For a single shop, the optimal location is anywhere along the length of the street. The shop owner is completely indifferent about the location of the shop since it will draw all customers to it, by default. However, from the point of view of a social welfare function that tries to minimize the sum of squares of distances that people need to walk, the optimal point is halfway along the length of the street.
Two shops: halfway
Hotelling’s law predicts that a street with two shops will also find both shops right next to each other at the same halfway point. Each shop will serve half the market; one will draw customers from the north, the other all customers from the south.
This idea has been extended to political races by Anthony Downs. People are thought to make their voting decisions based on which viable candidate comes closest to representing their own preferences.
Parallel to the above logic, both major candidates’ positions will converge on the median voter’s position. Or at least they will campaign that way, fighting to grab that median voter content that everyone to their right or left will behave predictably.
All theories are wrong, but this theory in particular seems importantly wrong. Namely, people don’t vote.
A year ago, Tess in these pages made A Desperate Plea for a Renewal of Citizenship. That and a lot of other much-more-expensive efforts collectively garnered these results:
If staying home were on the ticket, it’d be president.1
The Hoteling model is candidate-focused. The theory focuses on the behavior of candidates, and its most important prediction is about the behavior of those candidates.
But in real life, voters aren’t getting off the couch to buy. These people cannot be treated as an error term. They exist, and their behavior is important. If you have a mathematical model, that predicts who people vote for, it also needs to predict who doesn’t vote. If you have a model that predicts what percentage of the population votes for which candidate, it also needs to predict what percentage does not vote.
Not voting is often chalked up to laziness, indifference, kooky conscientious objections, and other undesirable attributes a person may have.
I submit one other. Namely, large swaths of the voting-eligible population, do not feel they can be adequately represented by any candidate running. They live to far away from any store, so they just don’t buy. Even if they decidedly prefer one candidate to another, they may not be able to vote in good conscience for the better candidate because the distance between their own views and that of the candidate’s is too vast.
Though his objections seem quaint now, this is roughly the logic articulated by Conor Friedersdorf when he refused to vote for Barack Obama in 2012:
I am not a purist.

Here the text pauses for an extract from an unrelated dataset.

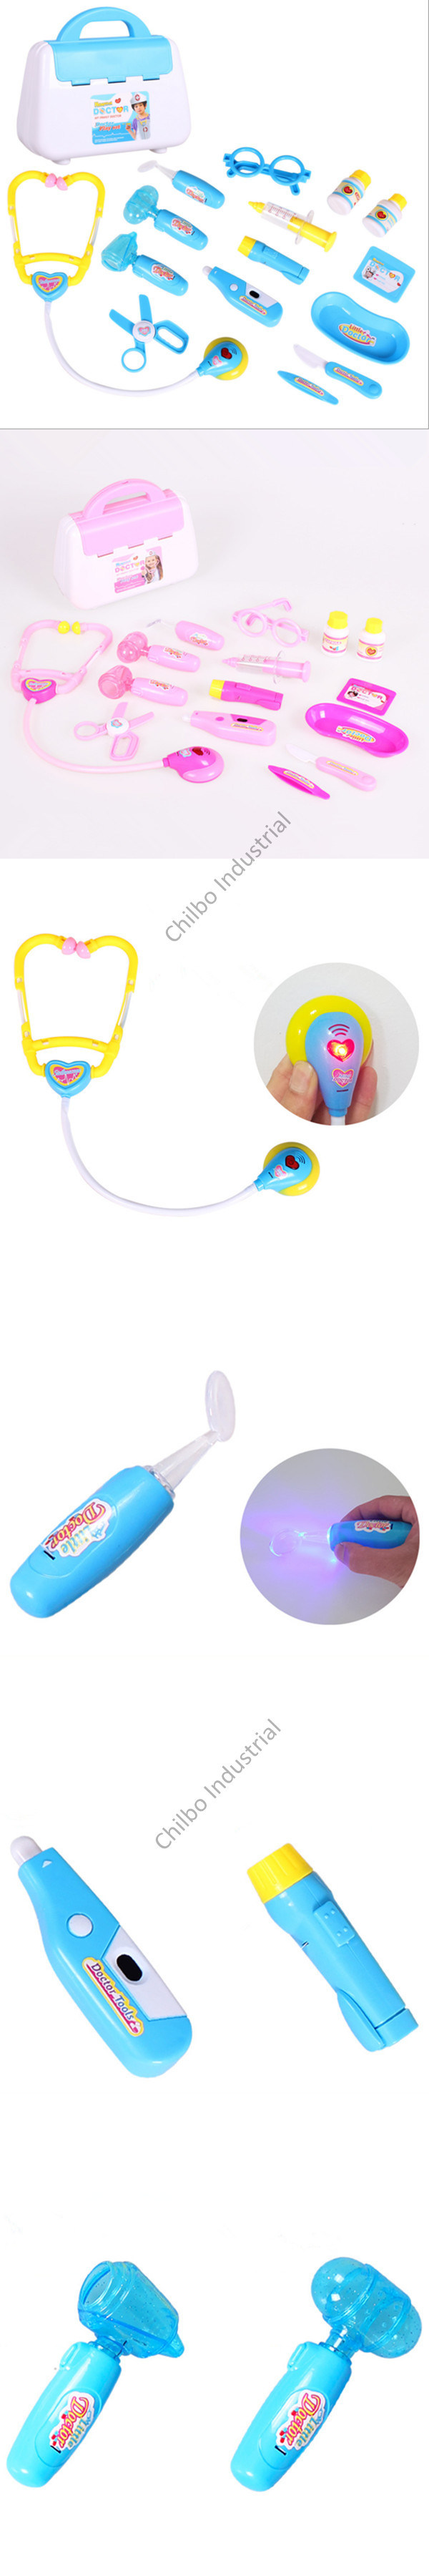 Preschool Plastic Medical Kits Toy Kids Doctor Set

There is no such thing as a perfect political party, or a president who governs in accordance with one’s every ethical judgment. But some actions are so ruinous to human rights, so destructive of the Constitution, and so contrary to basic morals that they are disqualifying. Most of you will go that far with me. If two candidates favored a return to slavery, or wanted to stone adulterers, you wouldn’t cast your ballot for the one with the better position on health care. I am not equating President Obama with a slavery apologist or an Islamic fundamentalist. On one issue, torture, he issued an executive order against an immoral policy undertaken by his predecessor, and while torture opponents hoped for more, that is no small thing.

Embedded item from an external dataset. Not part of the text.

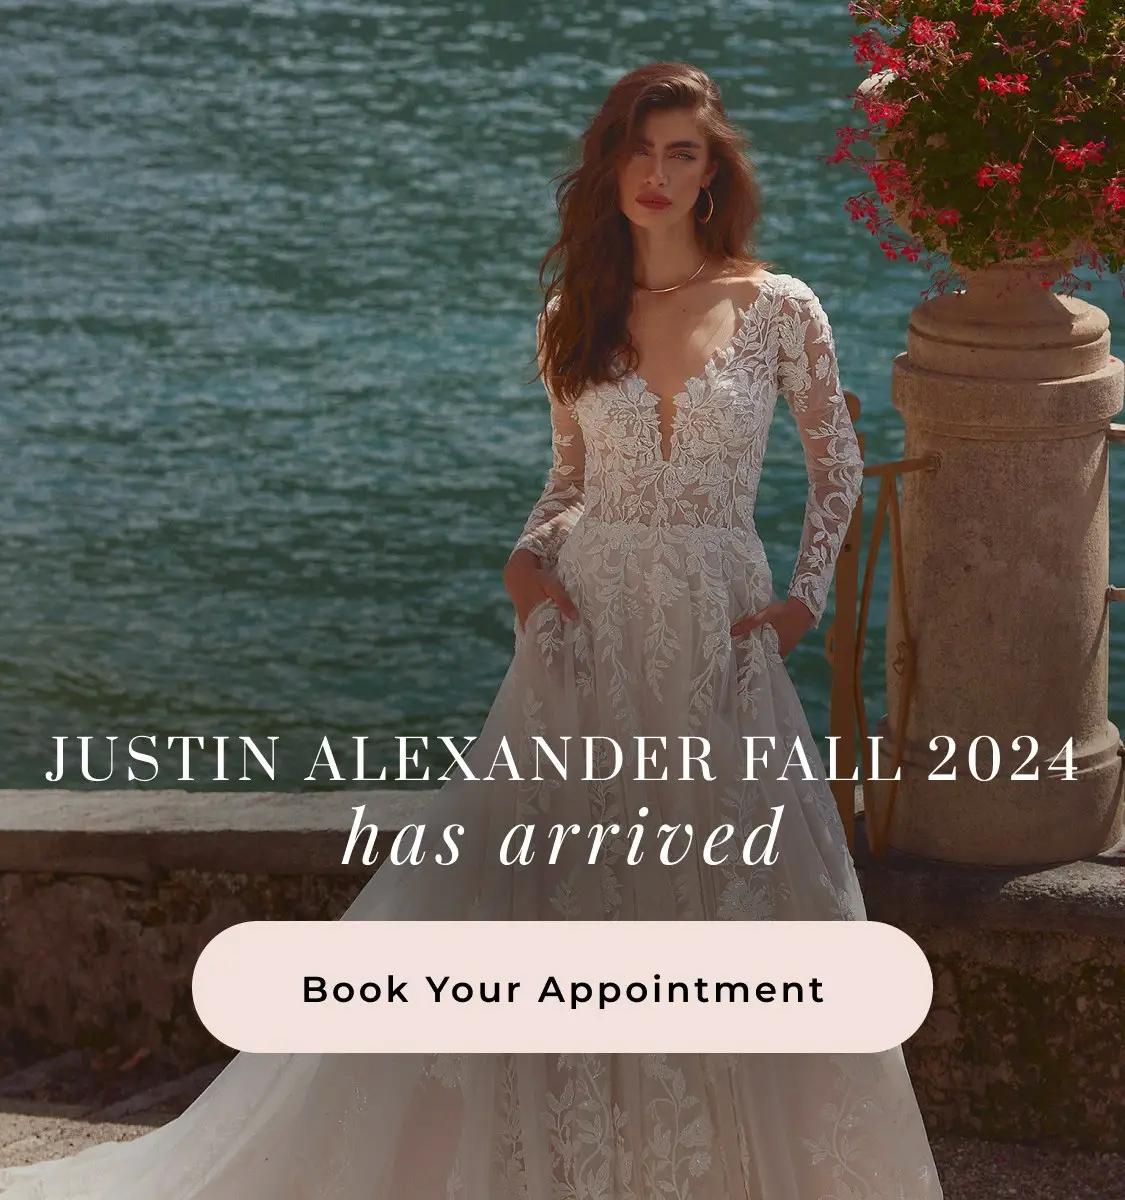 Justin Alexander Fall 2024 Banner Mobile

What I am saying is that Obama has done things that, while not comparable to a historic evil like chattel slavery, go far beyond my moral comfort zone. Everyone must define their own deal-breakers. Doing so is no easy task in this broken world. But this year isn’t a close call for me.
He wrote this despite preferring Obama’s policies to Mitt Romney’s.
Robert Wright would not let this stand and refused to refuse to vote for Obama:
this isn’t a movie, so I have a hard time ignoring the consequences of (implicitly) encouraging would-be Obama supporters to nullify their votes and thereby increase the chances that Mitt Romney will be our next president.
Wright would have Friedersdorf vote strategically. But for something as wrapped up in questions of morality as politics, strategic voting comes at a heavy price. However quaint they seem now, Friedersdorf’s qualms about Obama’s stances on civil liberities were real. Even knowing Romney would be worse, voting for Obama would feel like it’d cost a part of his soul.
In art criticism, the aesthetic quality of the work matters less than what our opinion of the art says about us. In politics, the policy doesn’t matter; it’s what our vote says about us.
Voters don’t just choose which option is better. They choose an identity. Most people now seem to believe the Democrats ran a bad presidential campaign in 2016, but one thing they got right was the tag line “I’m with her.” Voting is an affirmative act. I read a surprising number of friends express “I’m with her,” and I think this did something to encourage the reluctant to vote for Clinton. But there were still more who weren’t with anyone.
- I was among those who stayed home.